§ Exercise description
What you return should match the data below exactly, with no pictures in it.

Information shown Block Start

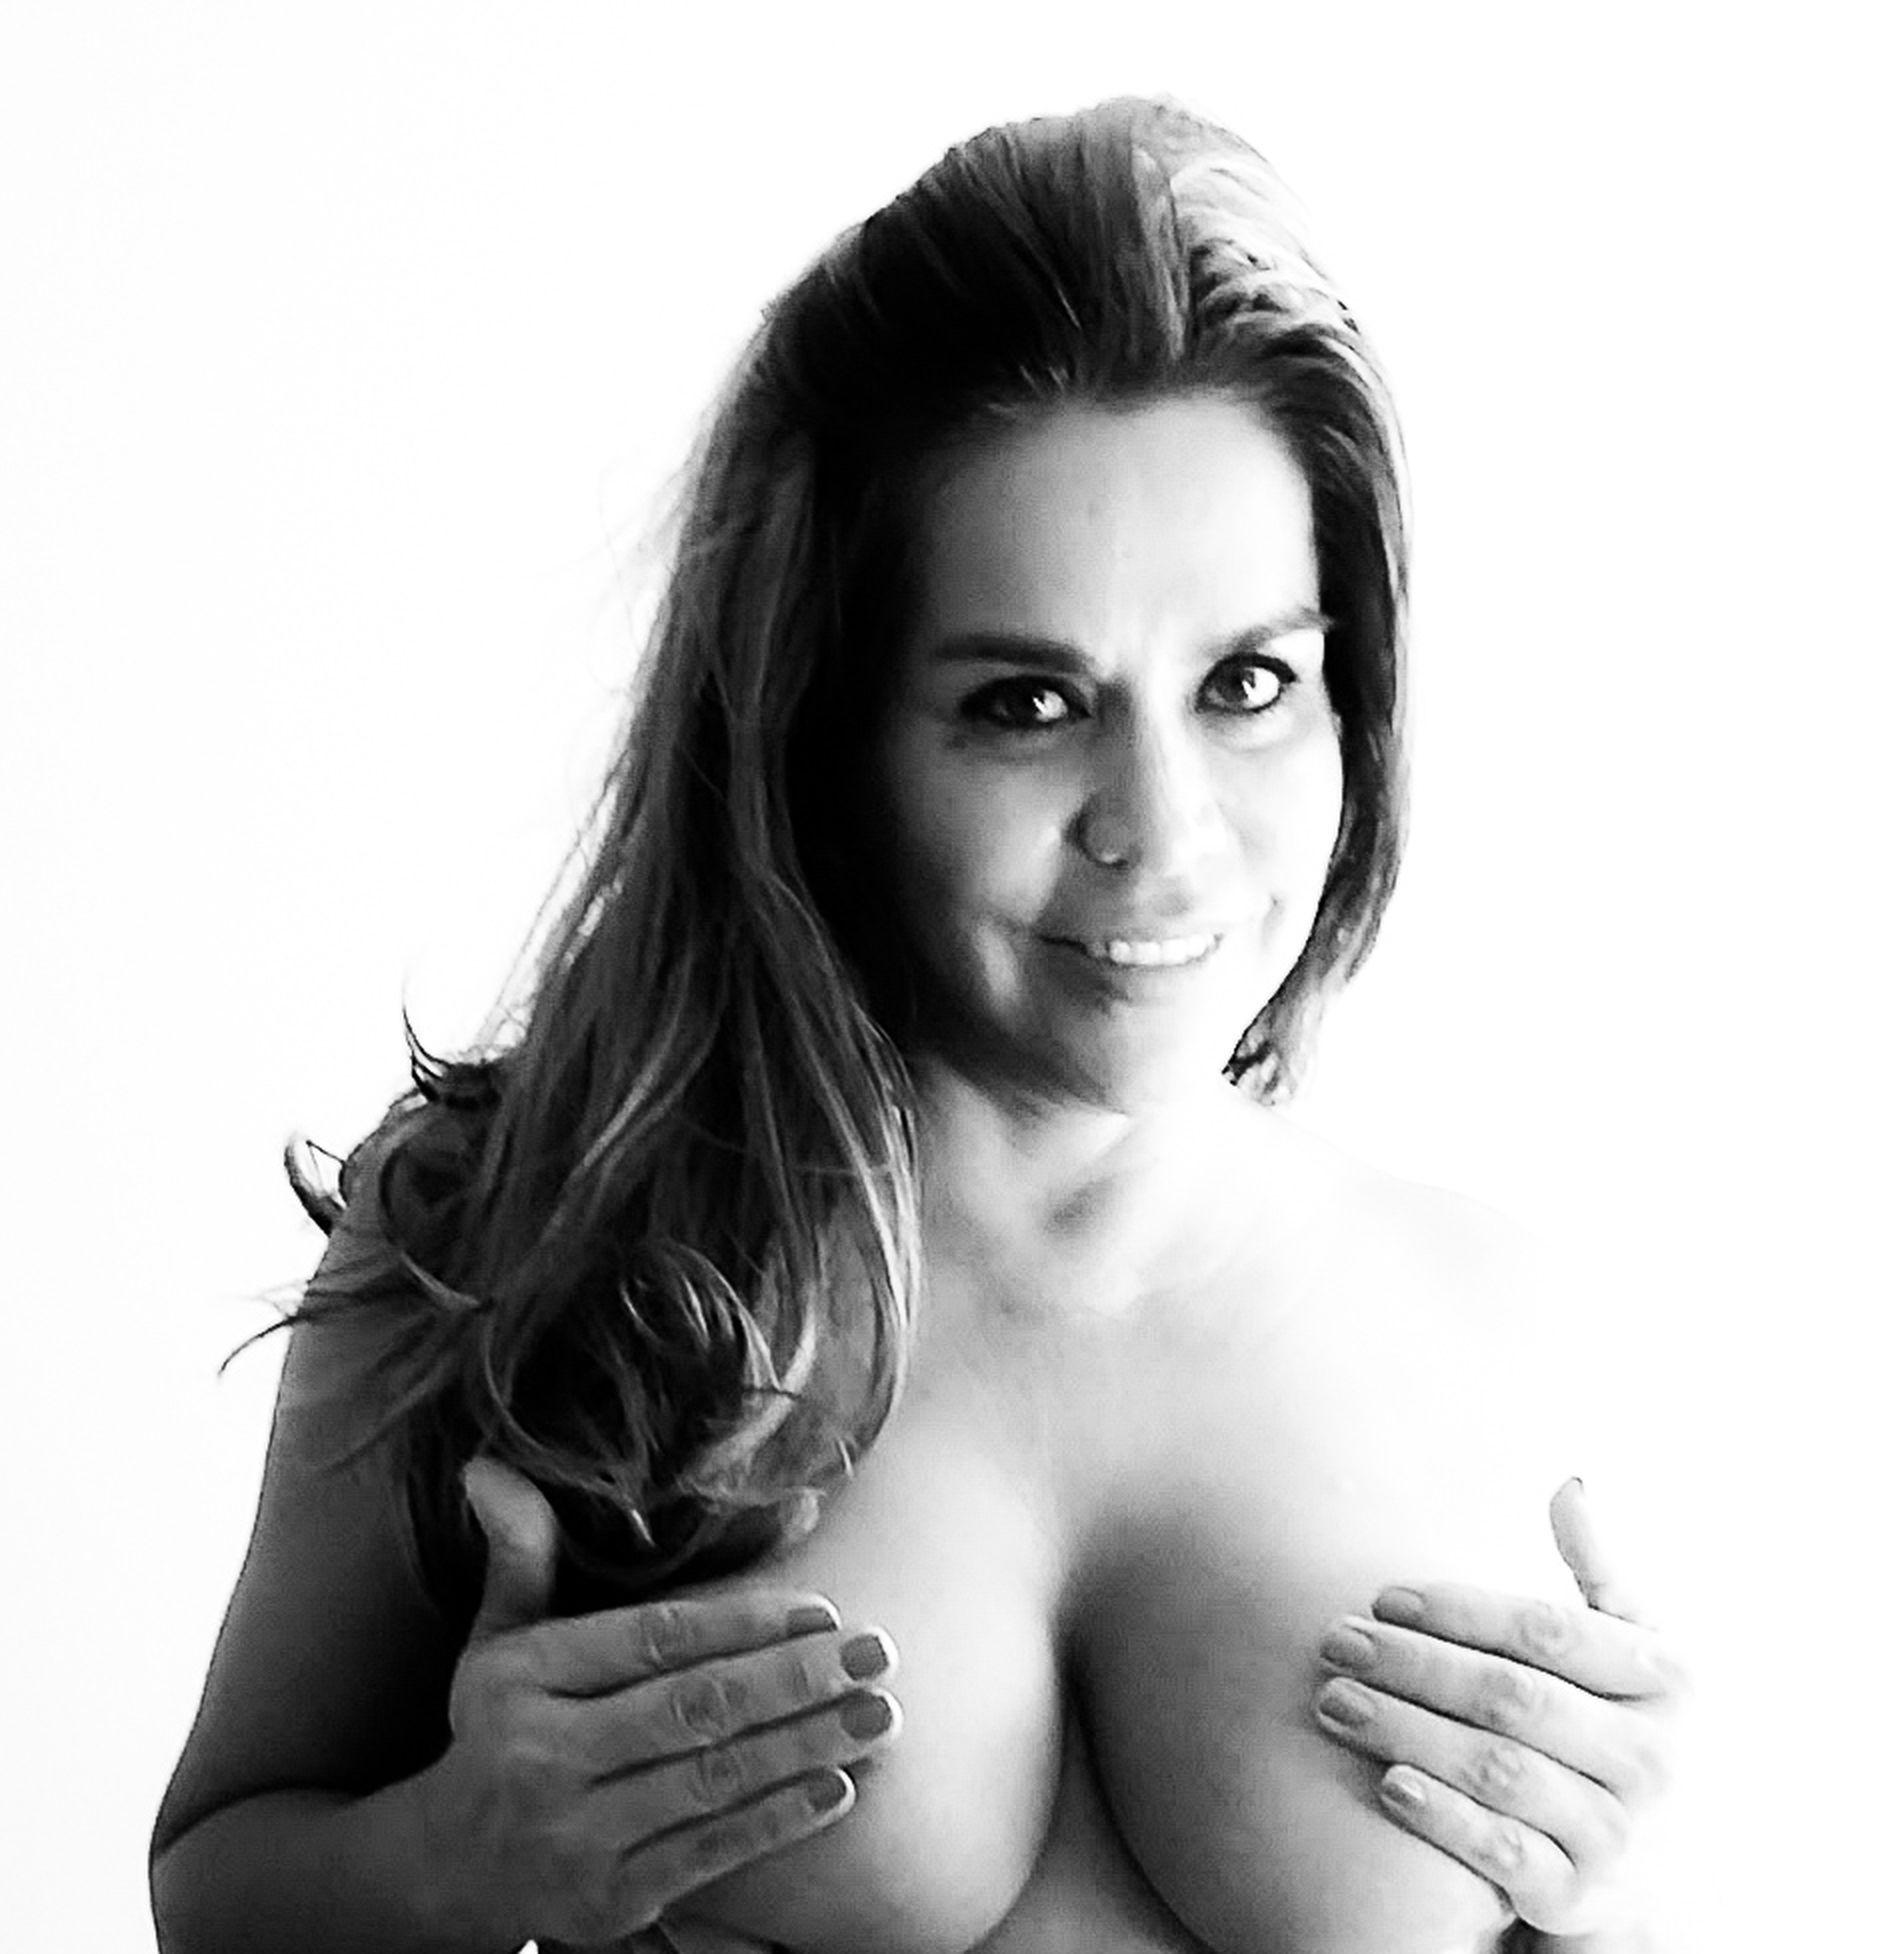 Nude daniela lazar Daniela Lazar
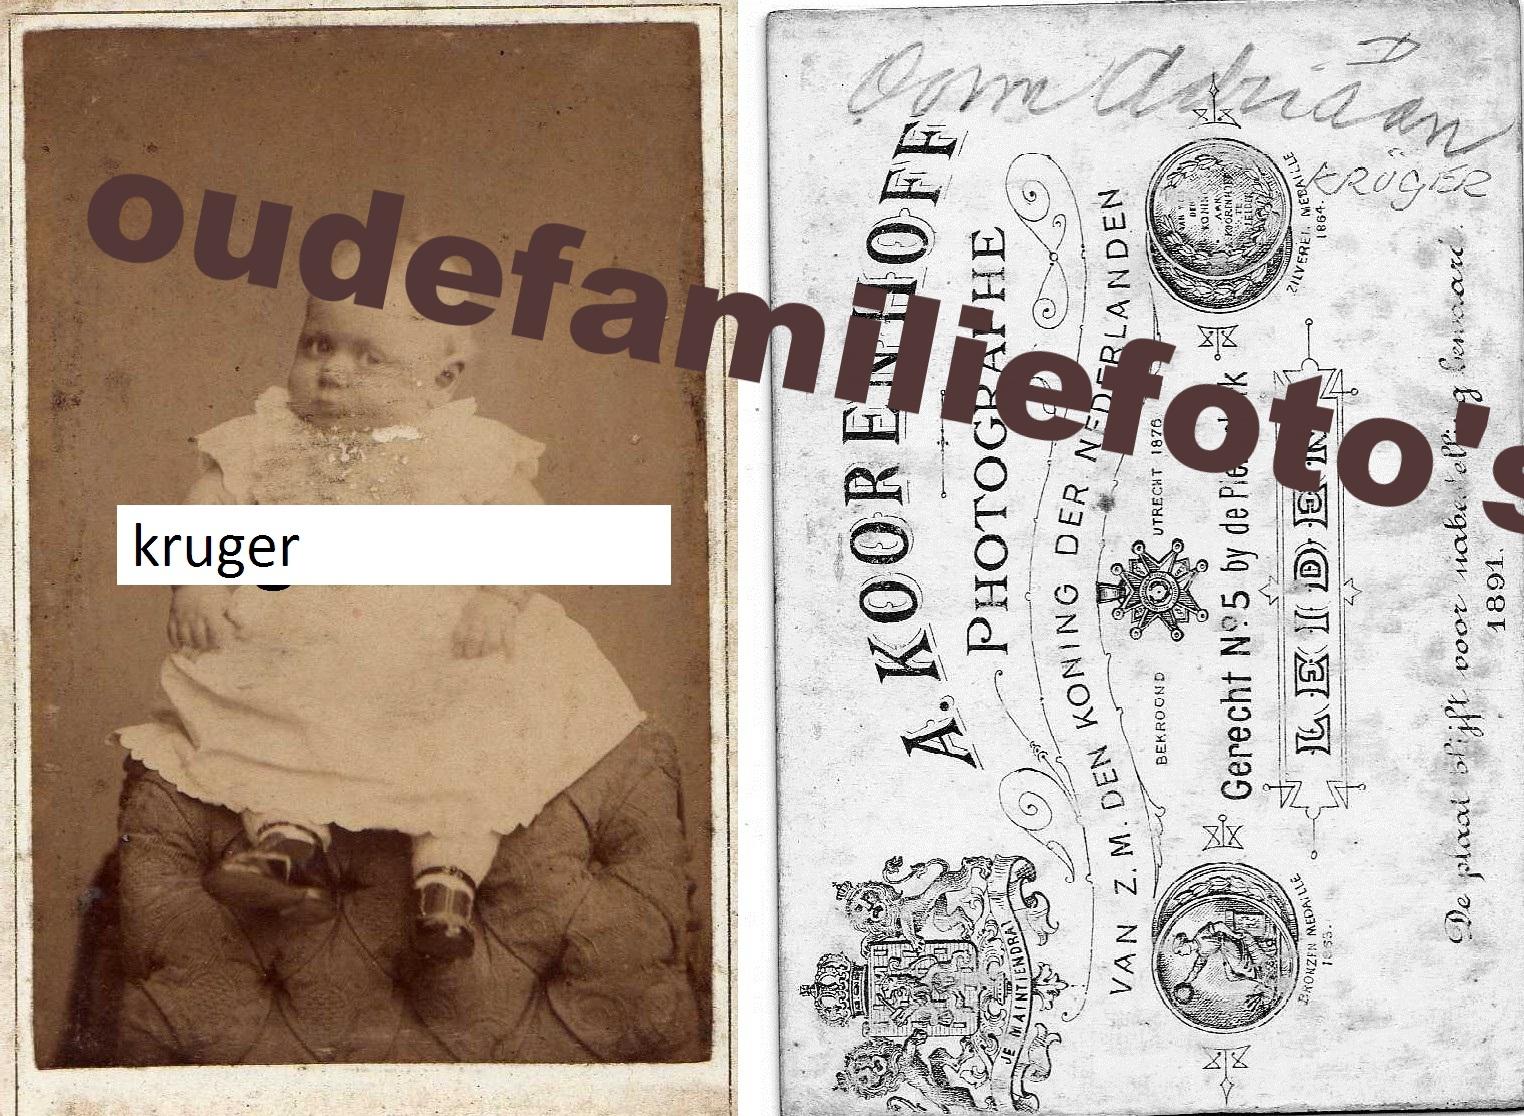 Kruger, Adriaan Willem Johan. geb. 8-5-1891 Leiden
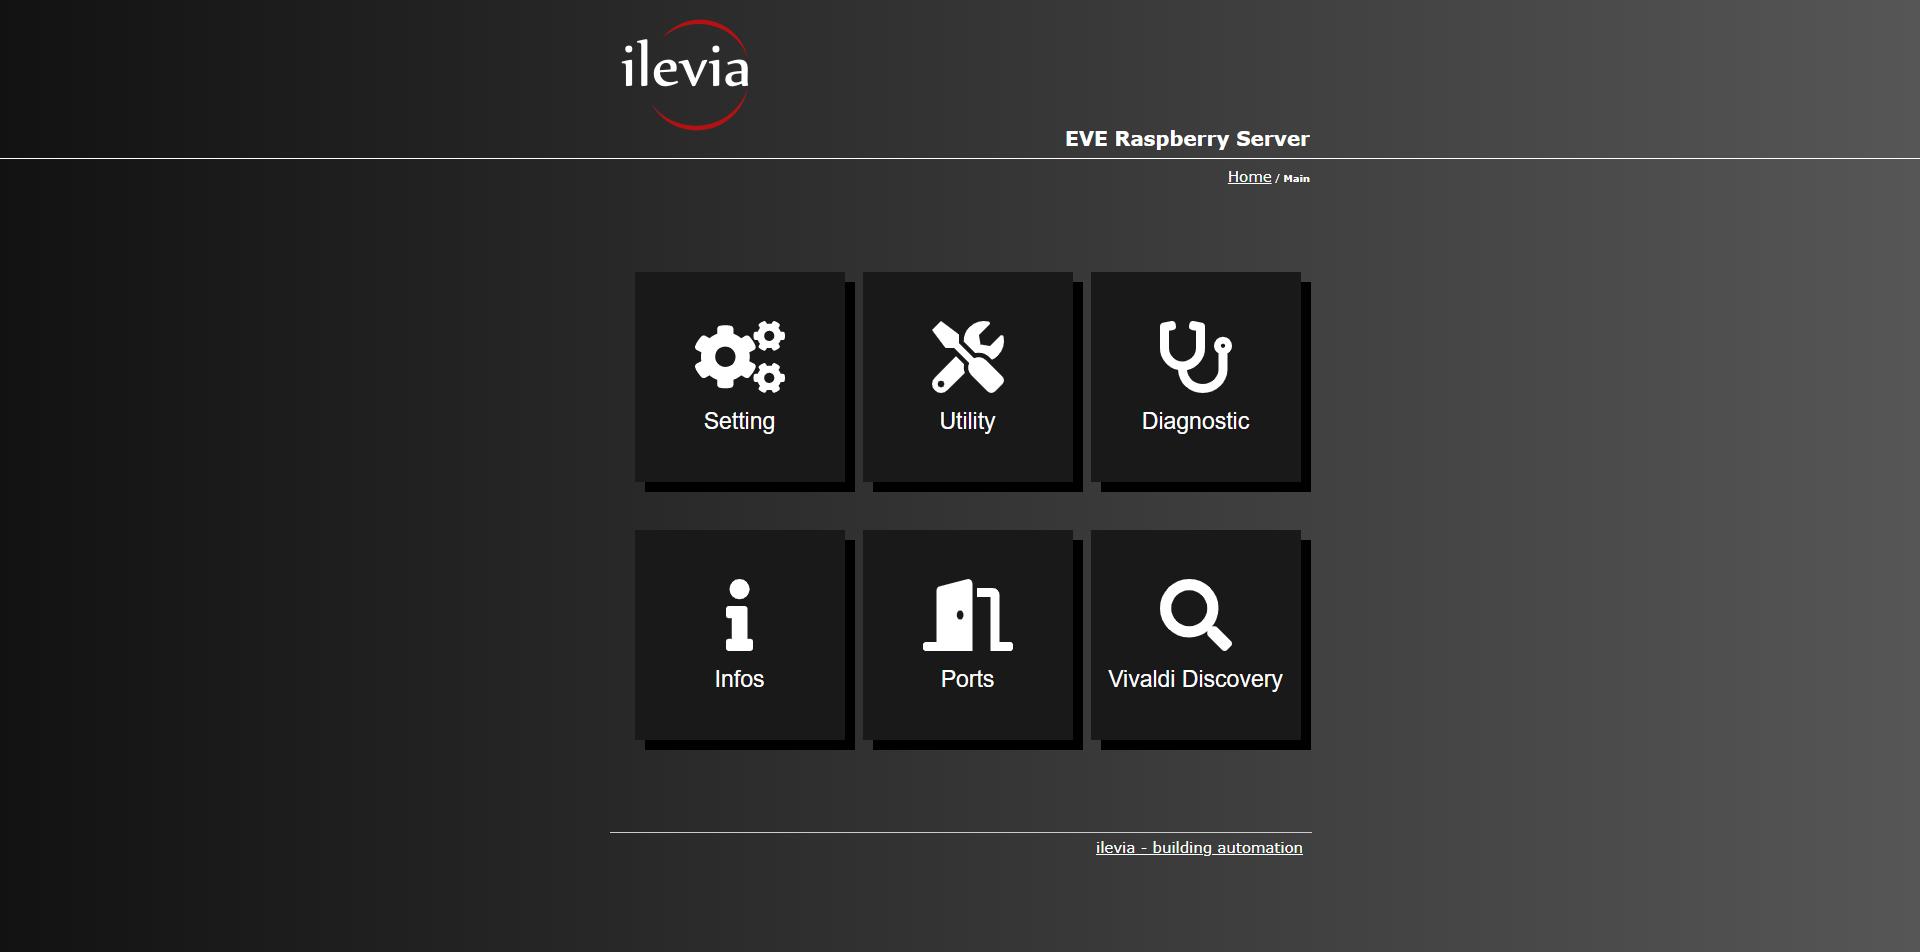 How the EVE X5's Home automation server Main menu

Information shown Block End

§ Result of this exercise
 Nude daniela lazar Daniela Lazar
 Kruger, Adriaan Willem Johan. geb. 8-5-1891 Leiden
 How the EVE X5's Home automation server Main menu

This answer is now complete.